(The Root) — Despite the ongoing government shutdown and employee furloughs, the Supreme Court opened its doors Monday to begin a new term. Many issues of national interest are expected to come up for discussion, including another case on affirmative action.
Next Tuesday, the court will hear arguments in the case of Schuette v. Coalition to Defend Affirmative Action. The justices will ultimately have to decide whether Michigan violated the Equal Protection Clause by banning affirmative action in its constitution.
In 2006, 58 percent of Michigan voters approved a ballot proposal, the Michigan Civil Rights Initiative, also known as Proposal 2, which banned racial, ethnic or sex-based preferential treatment in public education admissions, government contracting and public employment.
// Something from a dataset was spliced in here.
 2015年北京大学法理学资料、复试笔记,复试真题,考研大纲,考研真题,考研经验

The plaintiffs in this case, who are attempting to overturn the initiative, are led by BAMN, also known as the Coalition to Defend Affirmative Action, Integration and Immigrant Rights and Fight for Equality by Any Means Necessary. Michigan Attorney General Bill Schuette is among the defendants.
The 6th U.S. Circuit Court of Appeals ruled in 2011 that the voter-approved state ban was unconstitutional, saying that it “[reordered] the political process in Michigan to place special burdens on minority interests,” before upholding the ruling again in 2012.
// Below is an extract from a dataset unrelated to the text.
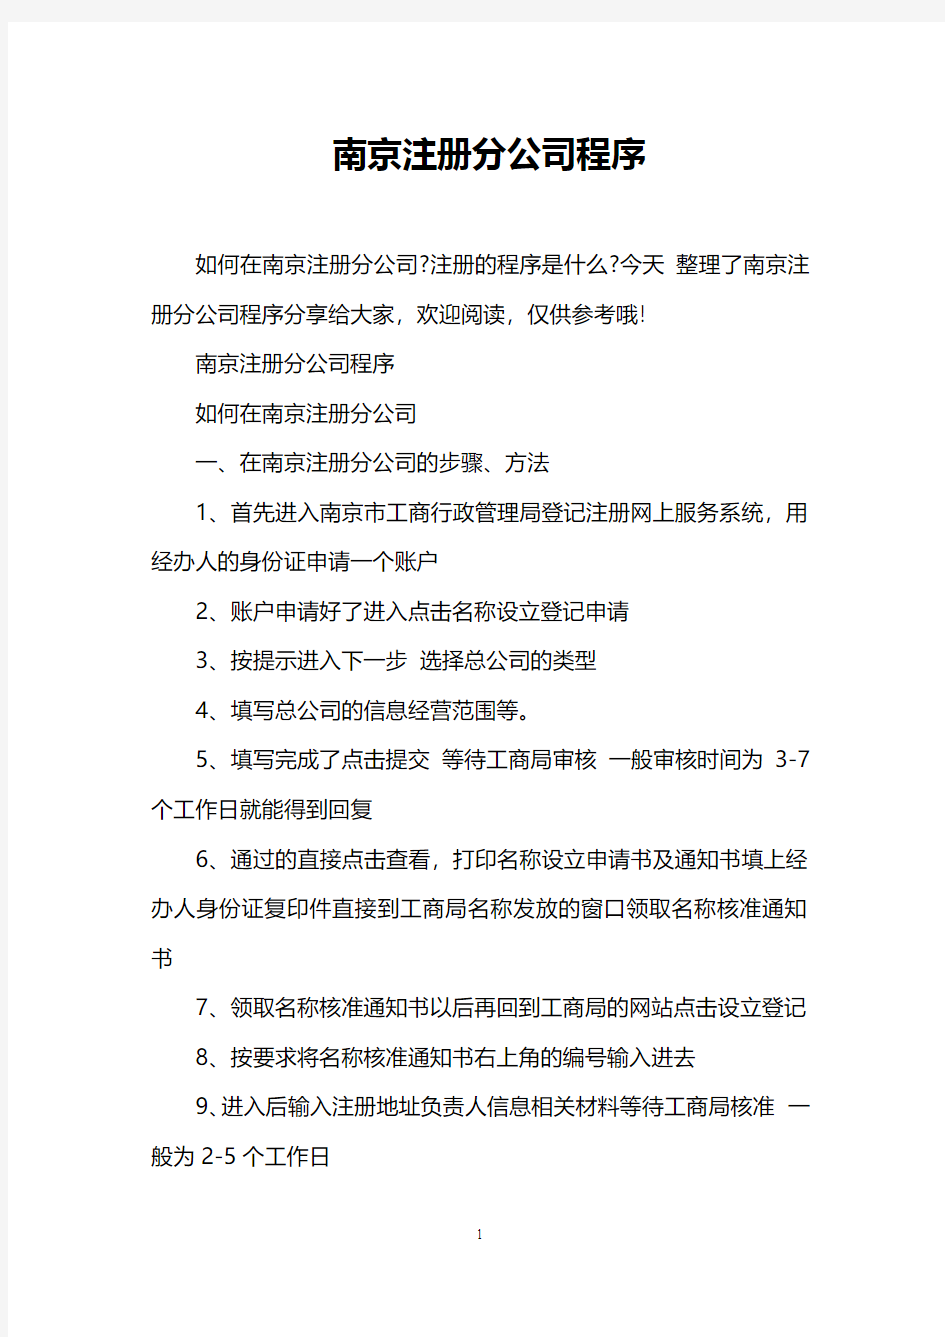 南京注册分公司程序

“Because less onerous avenues to effect political change remain open to those advocating consideration of non-racial factors in admissions decisions, Michigan cannot force those advocating for consideration of racial factors to traverse a more arduous road without violating the Fourteenth Amendment,” Judge R. Guy Cole Jr. wrote for the majority, according to the Michigan Daily.
Schuette decided to appeal the decision to the U.S. Supreme Court, saying in 2012 that it was constitutional and approved by the majority of state voters. “MCRI embodies the fundamental premise of what America is all about: equal opportunity under the law,” Schuette said, according to the news site. “Entrance to our great universities must be based upon merit. We are prepared to take the fight for quality, fairness and the rule of law to the U.S. Supreme Court.”
How the justices will rule on the case is anyone’s guess. Earlier this year, when hearing arguments on Fisher v. University of Texas at Austin et al., the justices gave the case back to the lower court to review, avoiding an actual decision of their own and creating an ambiguity in which both sides claimed victory.
Plaintiff Abigail Fisher, a white woman, had filed a lawsuit against the university in 2008 because she believed she’d been denied entry because of her race in favor of a minority student.